Vienna was home to the 8th East-West Immunogenetics Conference attended by scientists and transplantation specialists mainly from Europe. Visit the EWIC website: http://www.ewic2014.net/index.php?id=1376
The conference covered a range of topics from disease associations to technical aspects of HLA typing. In this summary, I only make a few remarks on the topics and presentations of particular interest to me. For more the list of the program please link to the conference home page: http://www.ewic2014.net/index.php?id=1377
A session was dedicated to solid organ transplantations including paired donations. This was the aspect where there was a striking difference from presentations on the same topic two weeks ago at the Terasaki Festschrift. Europe still has to catch up with the US in paired and chain donations. In several European countries the law needs to be changed before they can contemplate paired donations. Due to the fragmented national health care systems it is more difficult to facilitate large paired donor exchanges.
Another section covered stem cell transplantation. I found particularly interesting some presentations on chimerism monitoring and analysis including Dario Ligeiro’s plenary presentation and Kristina Kopic in the abstract session.
The abstract session included several population genetics studies of various regions in Russia. Russian colleagues from Moscow, St. Petersburg, Samara and Chelyabinsk attended and presented regional and cross-Russian population genetics studies.
I was most interested in the HLA typing and technology related presentations of which I mention two in particular. Sendi Montanic and colleagues presented their experience with using next generation sequencing (NGS) for HLA typing. They compared results on 50 samples between NGS and Sanger sequence based typing analyzing HLA-A, B, C, DRB1, DQB1. They used AlleleSEQR Kits with Assign 3.5+ software for Sanger sequencing and GS GType HMA MR Primer set and Roche 454 Sequencing System with Assign ATF 454 for NGS.

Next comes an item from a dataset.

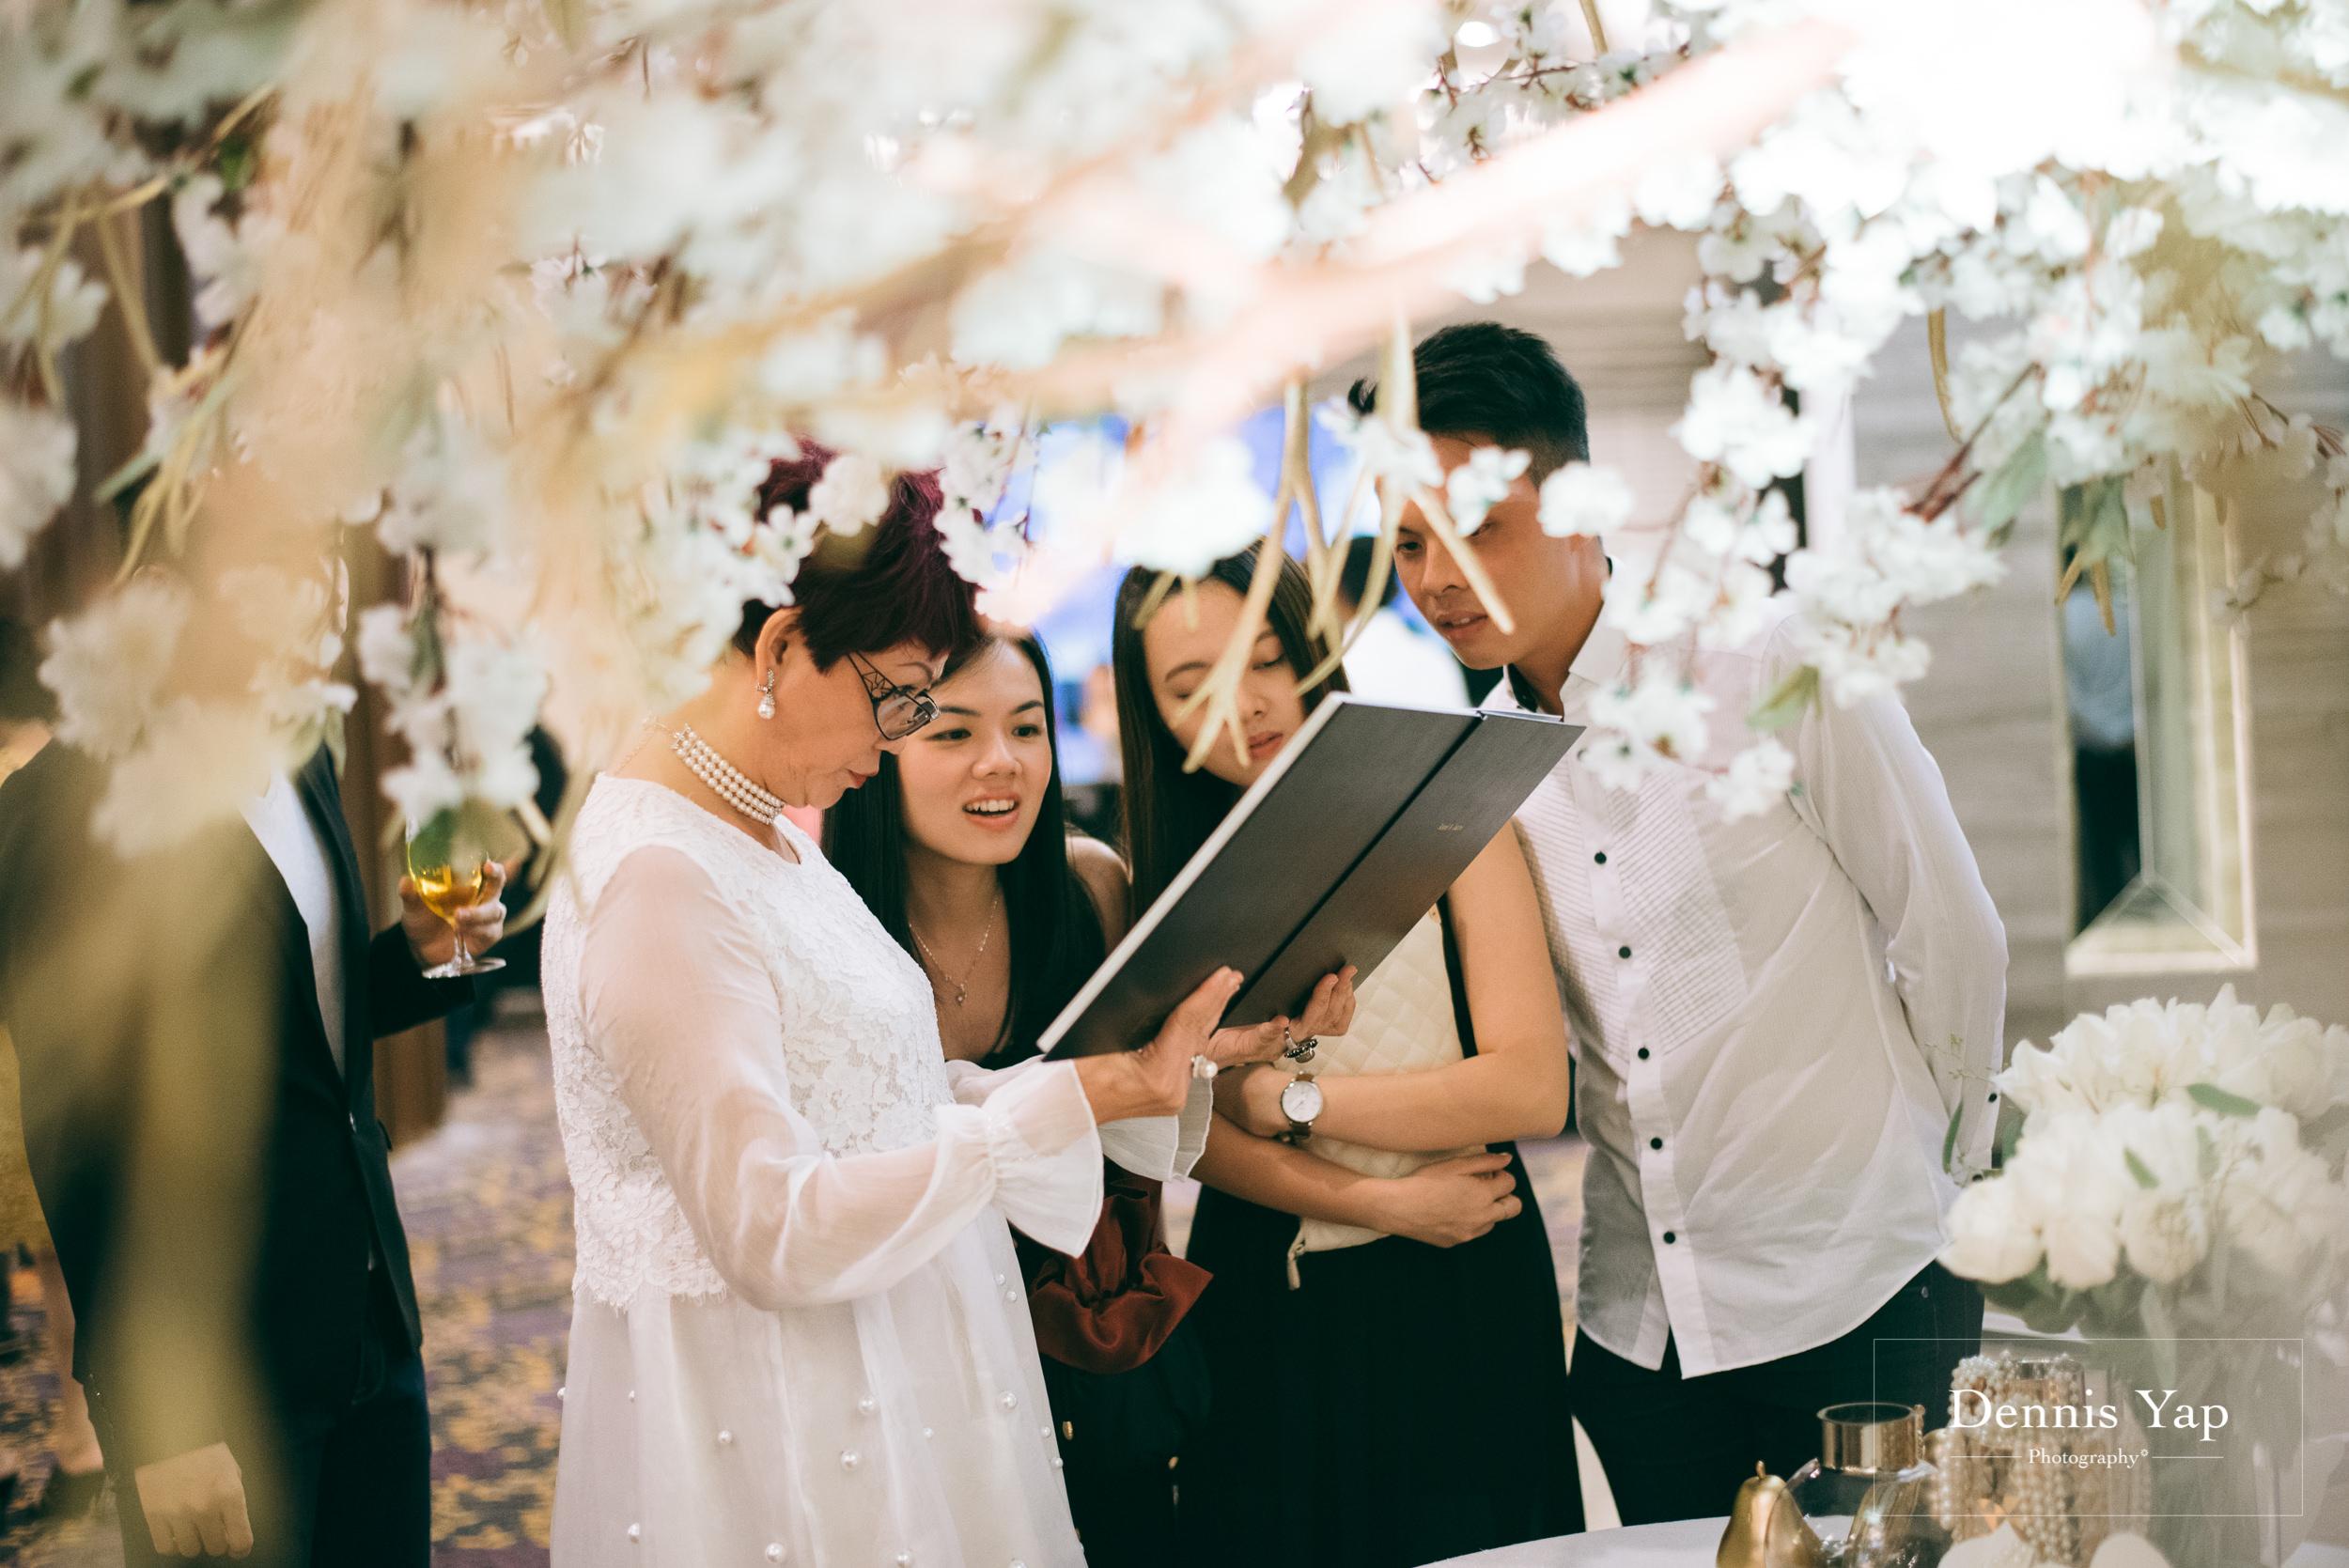 lionel joanne garden wedding majestic hotel dennis yap photography malaysia top wedding photographer-74.jpg
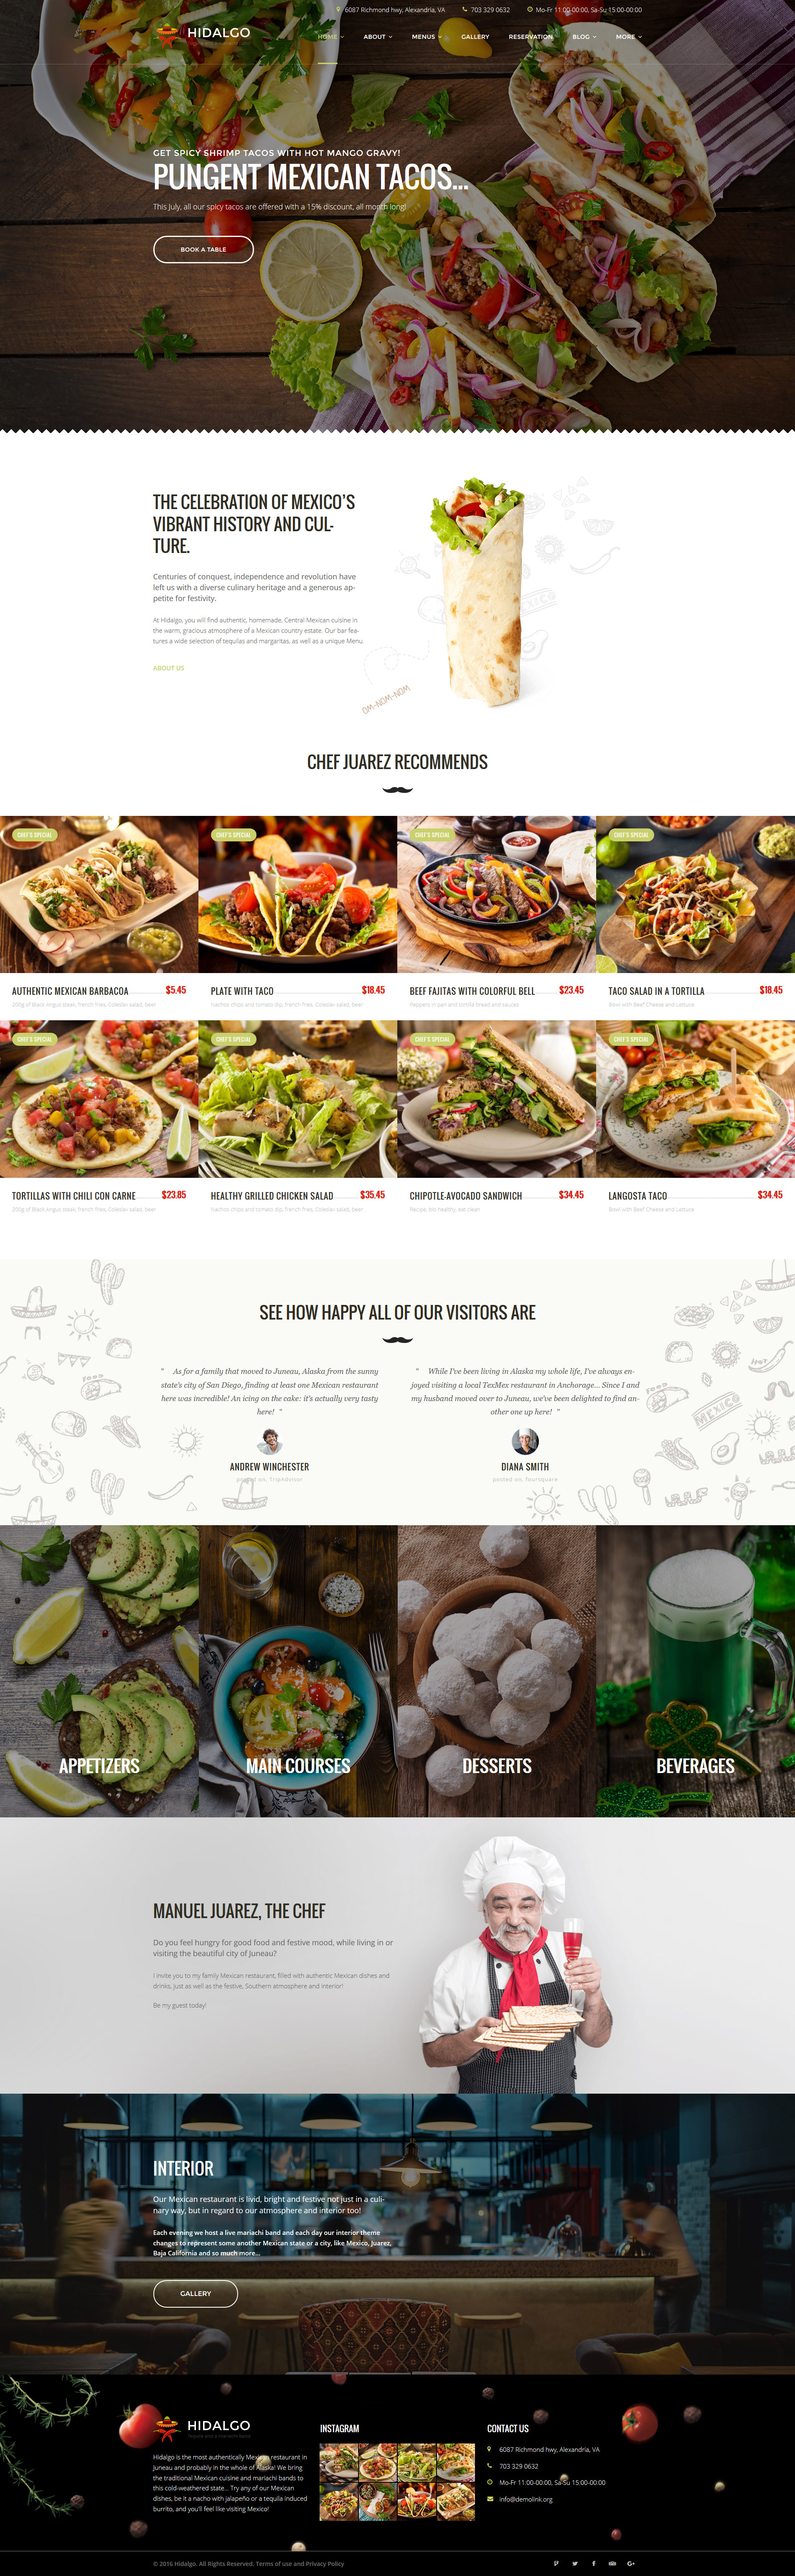 Reszponzív Hidalgo - Mexican Food Restaurant WordPress sablon 59006

In this example they obtained similar resolution of results between Sanger and NGS. It was surprising to see high level of ambiguity in the NGS results.
This example demonstrates that no new technology will be able to break the limitations of the experimental design. While NGS can theoretically resolve all ambiguities, if it is implemented in a combination with exon-based, short amplicon sample preparation, it cannot bring the benefits that NGS theoretically could bring.
Christina Voorter gave a plenary presentation with an excellent overview of different sequencing technologies ranging Sanger sequencing to nanopores. She described the chemistry and technology behind next generation sequencing using Illumina, Roche 454 or Ion Torrent instruments that share the aspect of clonal amplification, which is an important factor for allele resolution. She also showed some upcoming single-molecule sequencing techniques such as Pacific Biosciences SMRT technology or nanopore based sequencing from Oxford Nanopore. In the assessment of these technologies for HLA typing she concluded that Sanger sequencing is here to stay even in the world of next generation sequencing. The lack of available sample-to-result solution is a key stumbling block in the adaptation of NGS in the HLA laboratory.